En el refranero popular español existe un célebre dicho que dice "no se puede pedir peras al olmo', refiriéndose a la imposibilidad de pedir cosas inalcanzables o de exigir en exceso a alguien incapaz de cumplir con las expectativas. En el caso que nos refiere, a este Olmo se le pueden pedir peras, melocotones, plátanos o incluso tomates si hiciera falta, porque estamos ante un caso tan asombroso como insólito. Que un futbolista que juega en un club de forma satisfactoria, pero sin mayores estridencias, que no acaba de tener continuidad en el once por su querencia a las lesiones, acabe jugando un Mundial a un nivel tan espectacular, convirtiéndose en una de las estrellas y referentes de su selección y por ende del campeonato, resulta tan paradójico como extraordinario.

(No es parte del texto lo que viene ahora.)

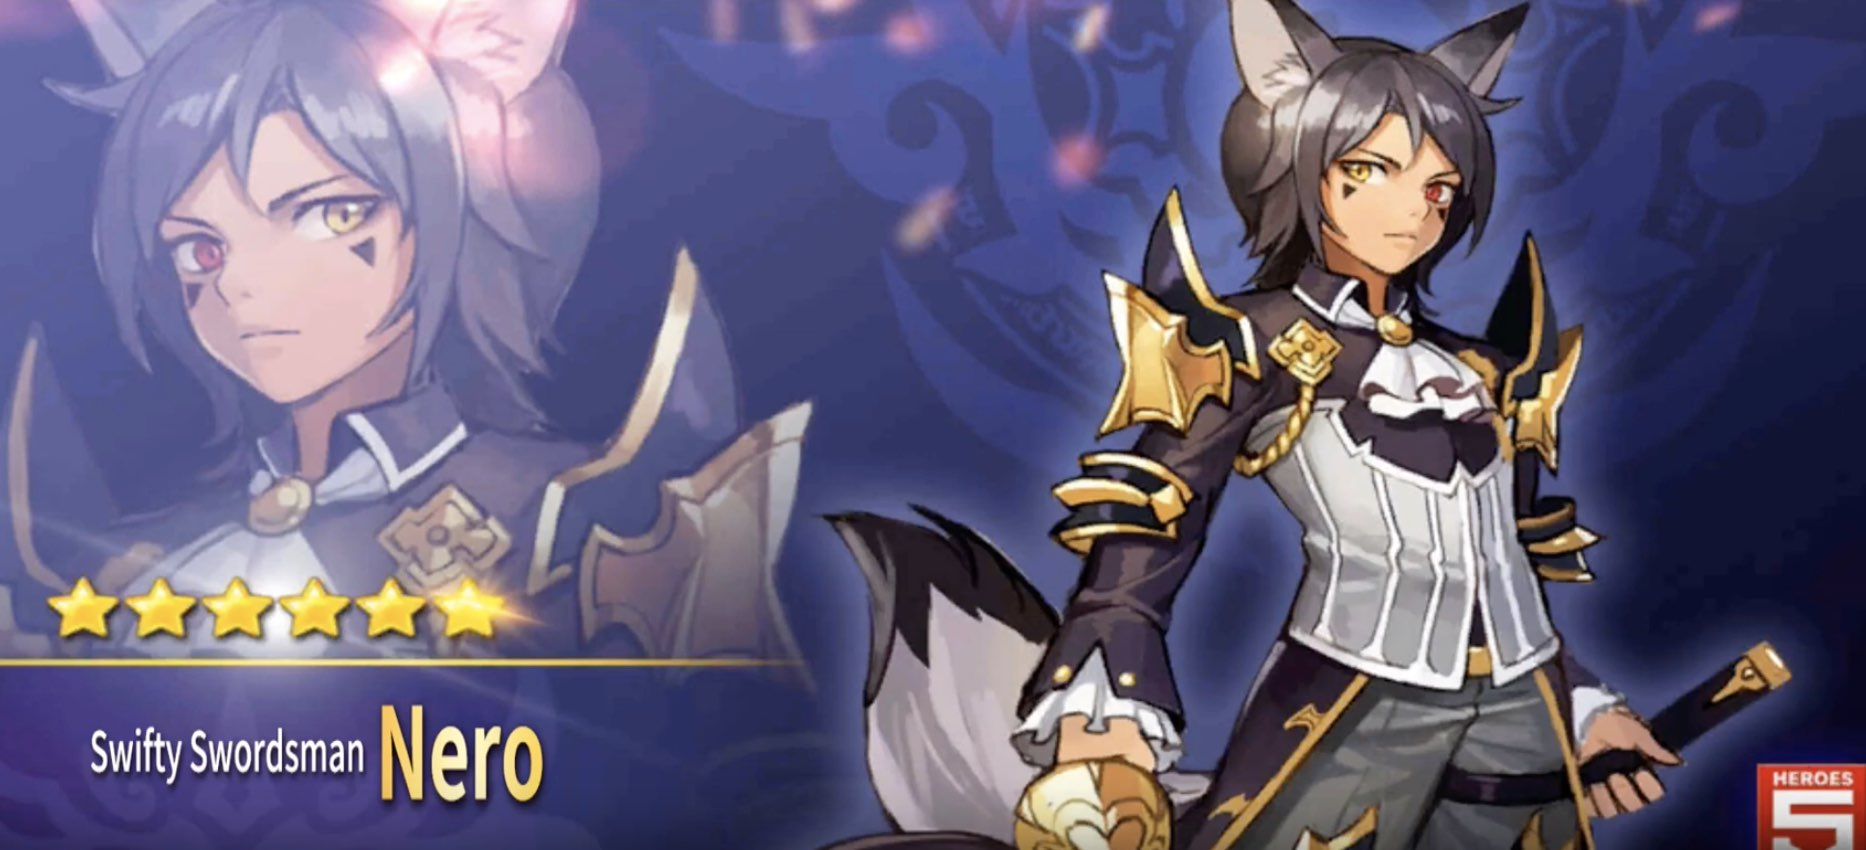 Heroes 5 wiki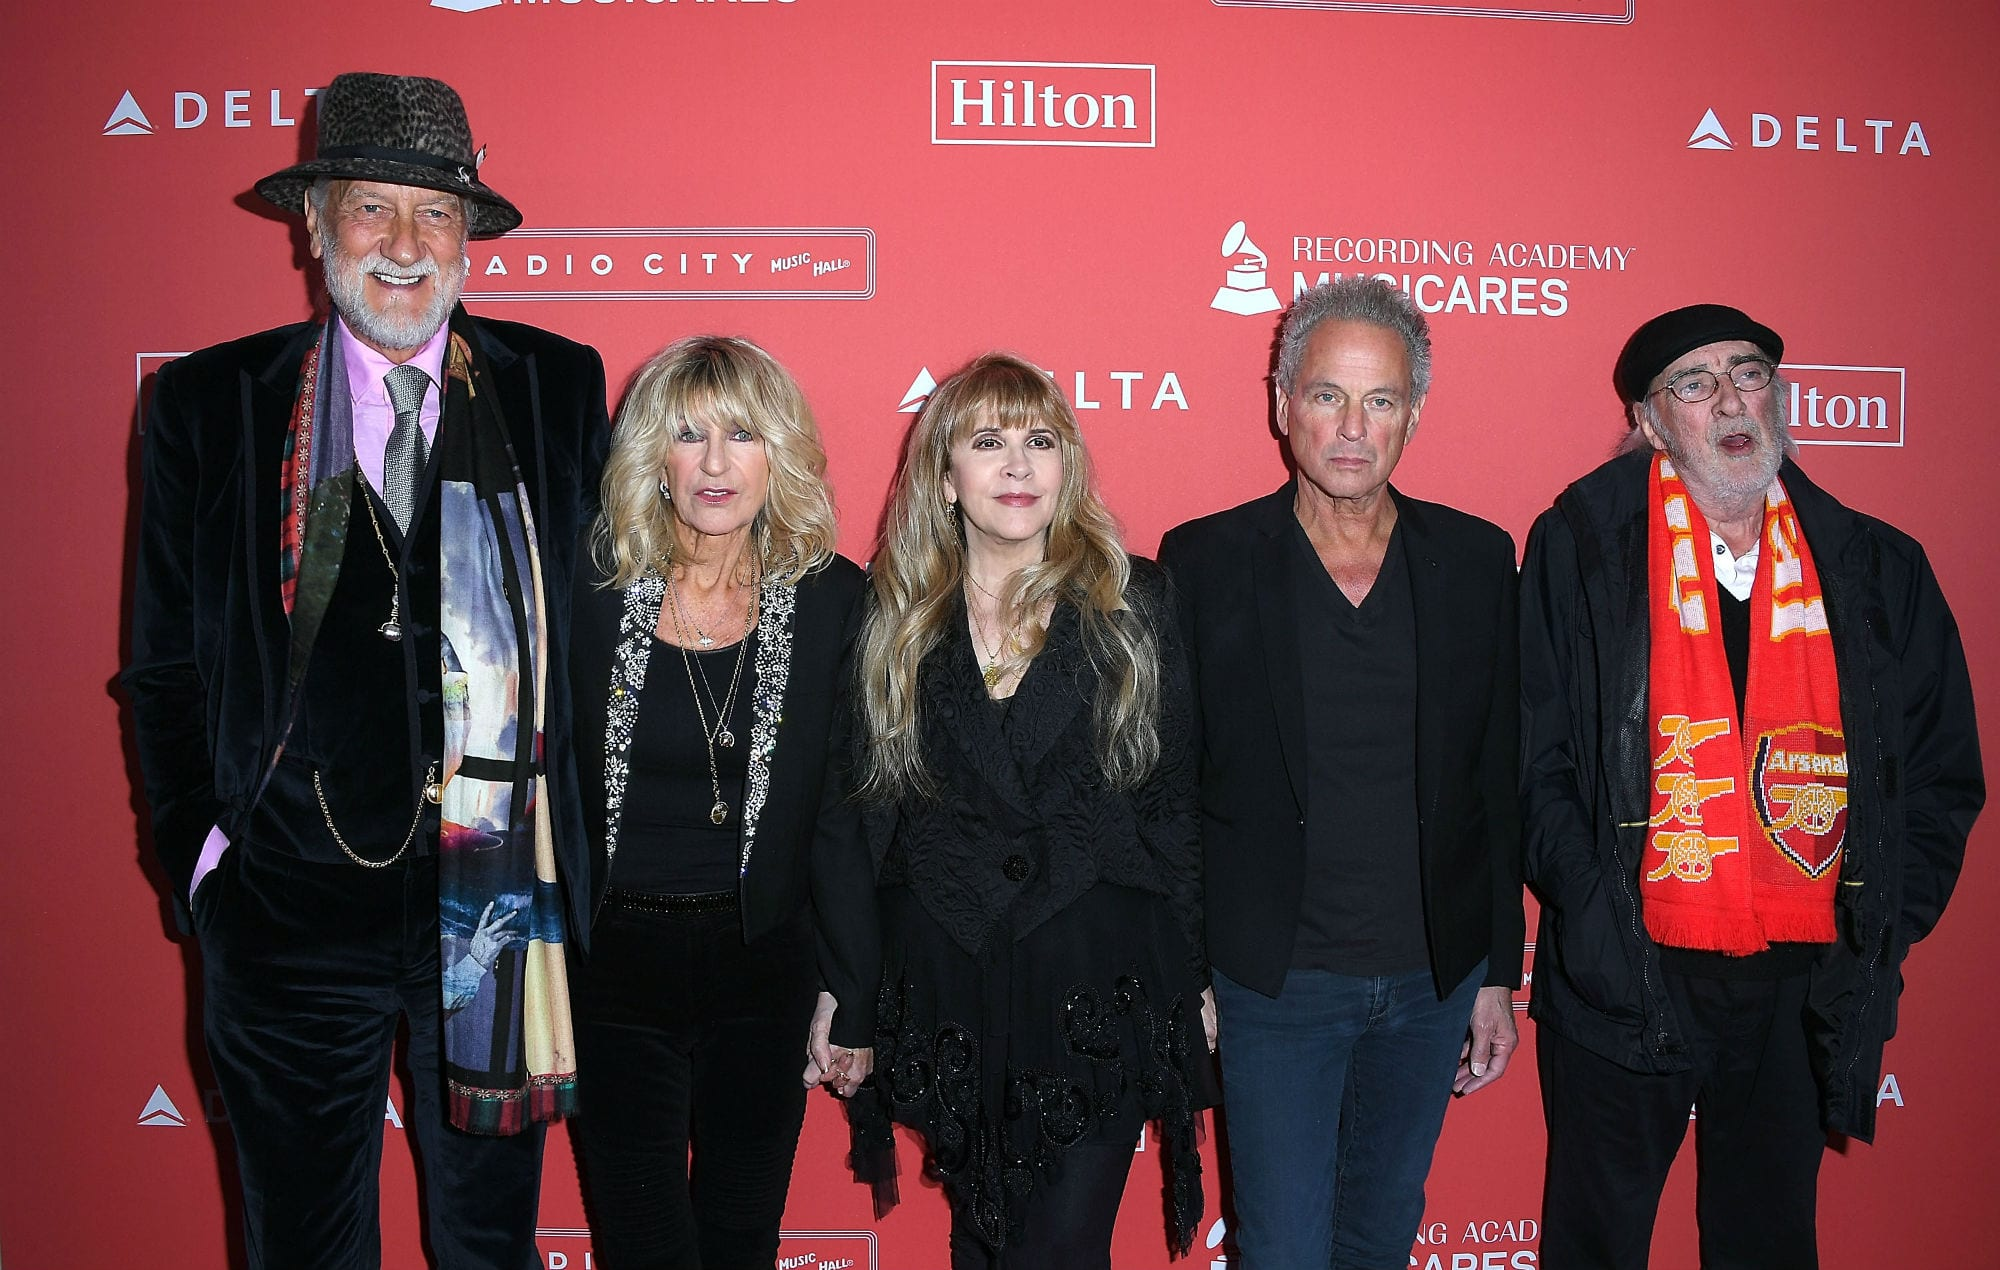 Why Did Fleetwood Mac Break Up?

Dani Olmo ahora mismo se ha convertido en una de las estrellas de este Mundial, un auténtico líder, capaz de romper todo tipo de defensas gracias a su clarividencia y precisión, con una lectura de los partidos intachable y una capacidad de generar recursos de juego inagotable. Si a todo esto, añadimos un estado físico pletórico, nos encontramos con un Olmo estratosférico.

De hecho, si viniera un extraterrestre y viera los partidos de España, tendría más o menos claro que Olmo es el mejor jugador de La Roja, el más regular, el más utilizado y el más decisivo.

En condiciones normales, su nombre tendría que aparecer como el MVP del Mundial, ya no digamos si gana España la final, y ser un serio candidato para el Balón de Oro. Pero para conseguir ambos objetivos, aparte de ser un gran jugador, se ha de tener un respaldo mediático y de marketing que desgraciadamente el egarense no tiene. En este sentido, el único jugador de La Roja que cuenta con una carga de mercadotecnia ilimitada detrás es Lamine Yamal, quien tiene todos los números de llevarse el Balón de Oro si acaba conquistando el Mundial.

Pero si Olmo está siendo la gran revelación y sorpresa para muchos -si ahora mismo el Barcelona lo pusiera a la venta por 150 millones seguramente se lo quitarían de las manos-, el caso de Pedri es prácticamente el opuesto, hasta el punto de haber perdido la titularidad en los dos últimos partidos por un Fabián más bullicioso y resolutivo. El canario, que tendría que ser una de las estrellas de la gran cita futbolística, no acaba de sentirse cómodo en el campo, con muchos problema para generar su juego, seguramente también víctima de una temporada tan intensa como extenuante, donde lo ha jugado prácticamente todo con Flick.

Después de Olmo, hay otro jugador que está dejando su huella de forma indeleble. Se trata de Marc Cucurella, un lateral izquierdo adrenalínico e impetuoso, que lidera su banda con mano de hierro, secando a todo aquel que osa adentrarse en su territorio. No hay duda de que Florentino Pérez debe estar frotándose las manos al comprobar el acierto del fichaje, tras los experimentos fallidos de Fran García y Álvaro Carreras.

Eso sí, si hablamos de estrellas del Mundial, un nombre propio aparece con luz propia: Pau Cubarsí. Está siendo el mejor central del Mundial, a años luz del resto. A sus 19 años es ahora mismo el 'culpable' de que a Unai Simón sólo le hayan chutado seis veces a portería en todo el Mundial, encajando un gol en siete partidos. Todos los elogios se quedan cortos. Y es que si fuera un delantero y no un defensa, ya tendría que empezar a hacer un hueco en su comedor para colocar el MVP del Mundial y el Balón de Oro al mejor futbolista del planeta.